Last night my friend stood beside me, literally and figuratively, in my grief. She did not push me to share or even ask me to explain, she let me name my sadness and she held that space for me. That moment walking down a city street, surrounded by buildings, people, vehicles, and noise, felt holy.

This morning reflecting back on that moment I am struck by how the theme of the first week of Advent met me on a city street. The theme from our liturgy last Sunday was hope, and we were encouraged to recognize the moments of hope we encounter in our days.

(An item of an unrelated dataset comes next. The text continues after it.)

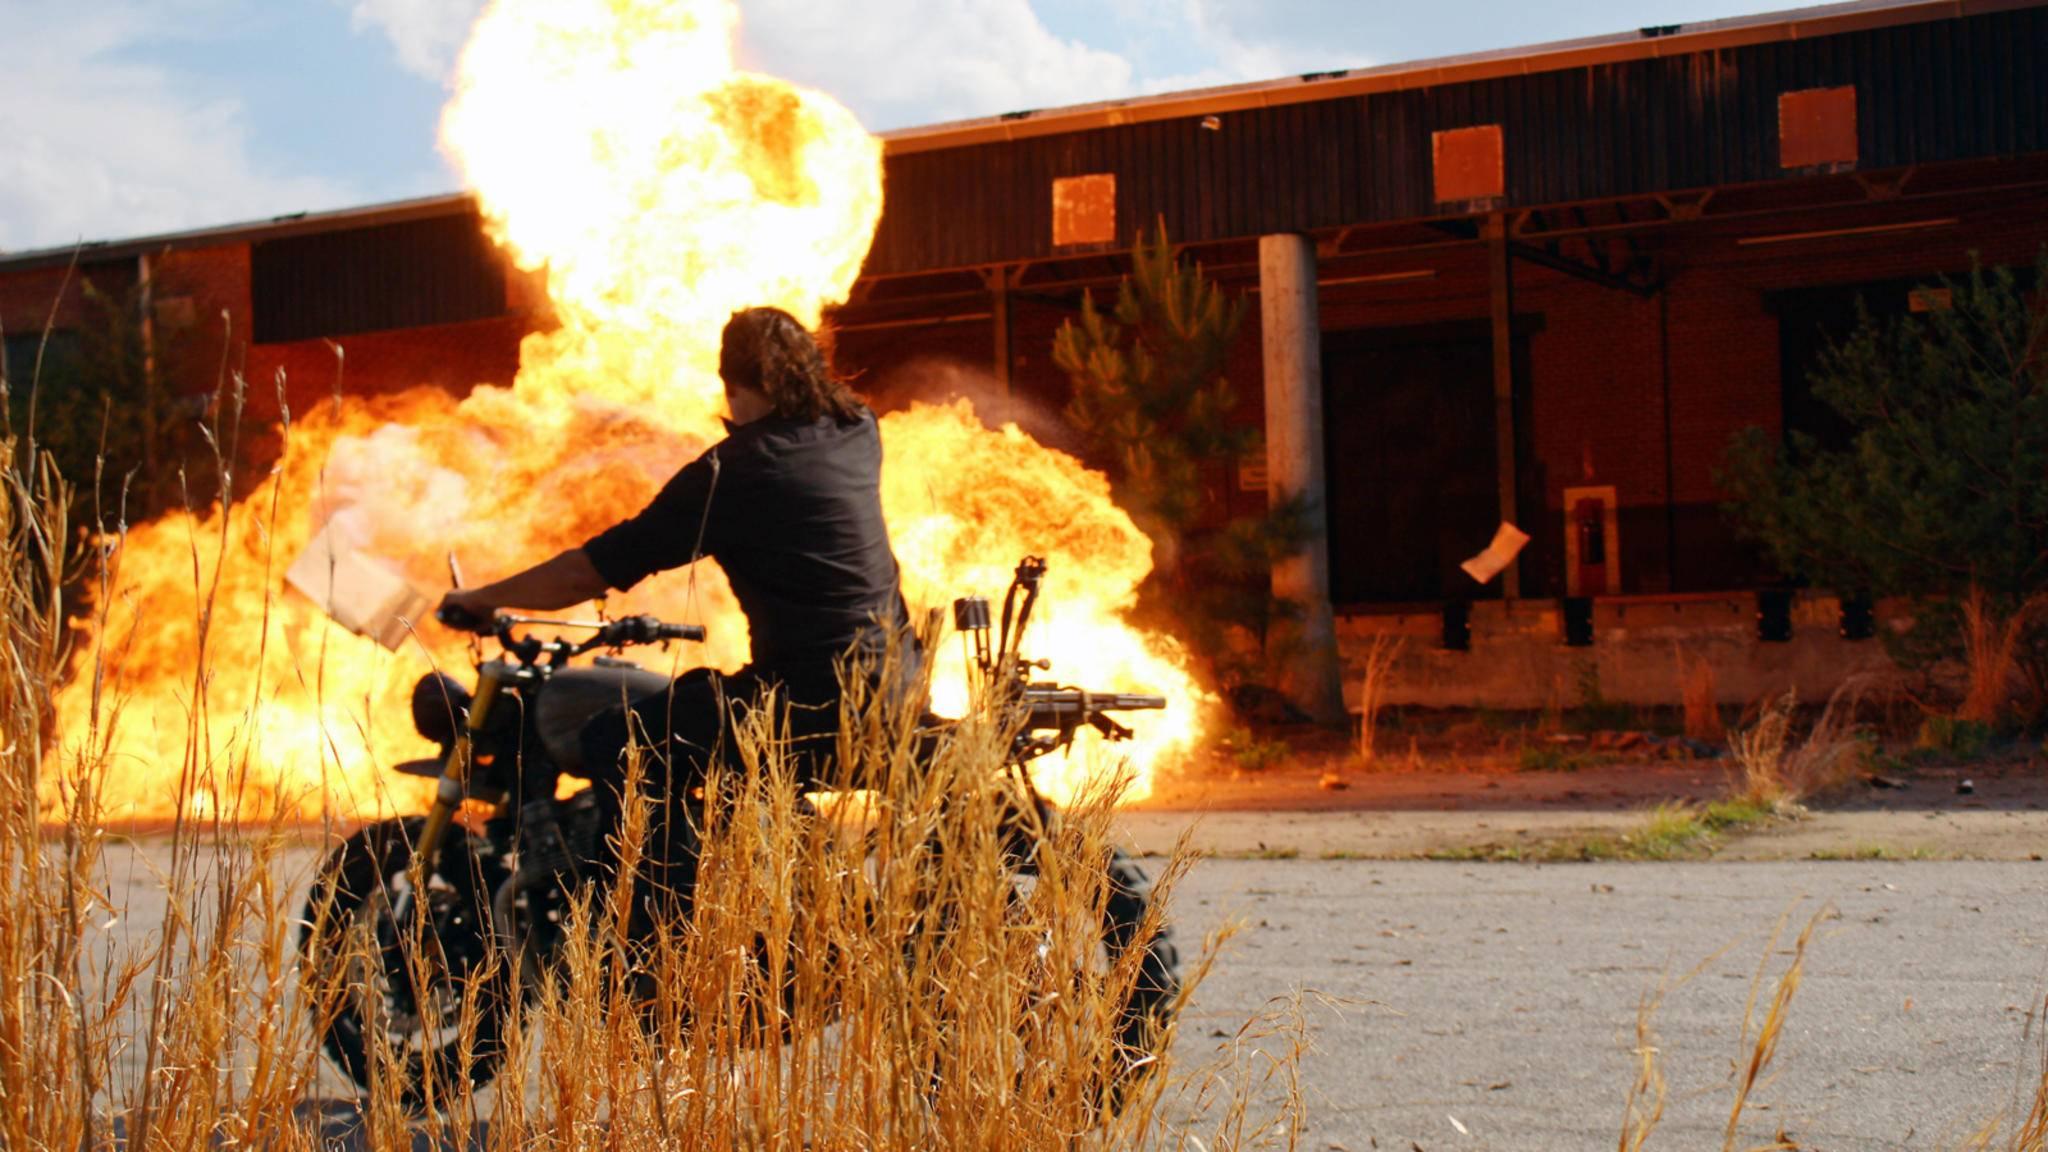 ... bei voller Fahrt zielgenau explodieren.

In all the good moments of this first week, it was that holy moment last night that broke open my heart. There was much around us on that sidewalk to fill me with hopelessness, yet on an unfamiliar street the Holy Spirit moved in my heart and filled me with hope.

As this first week of Advent draws to a close, I am mindful of all the threads of friendship woven into my life. I am astonished I have known so many people who continue to demonstrate to me what it means to love, to be a friend, to be human, and to share this life with others. I am thankful for the lessons I continue to learn and a faith that continues to deepen. I am eager for the coming holy moments in which my hope will be renewed and grow. I live in anticipation of the day when all our sadness will be no more, and in its place will be a knowledge of how deeply we are loved and connected.

Onward I go stumbling toward that promised day. May your journey this Advent season break open your heart to an eternal love that is beyond measure, and fill you with hope, even in your sadness. Remember you are a valuable thread in many tapestries.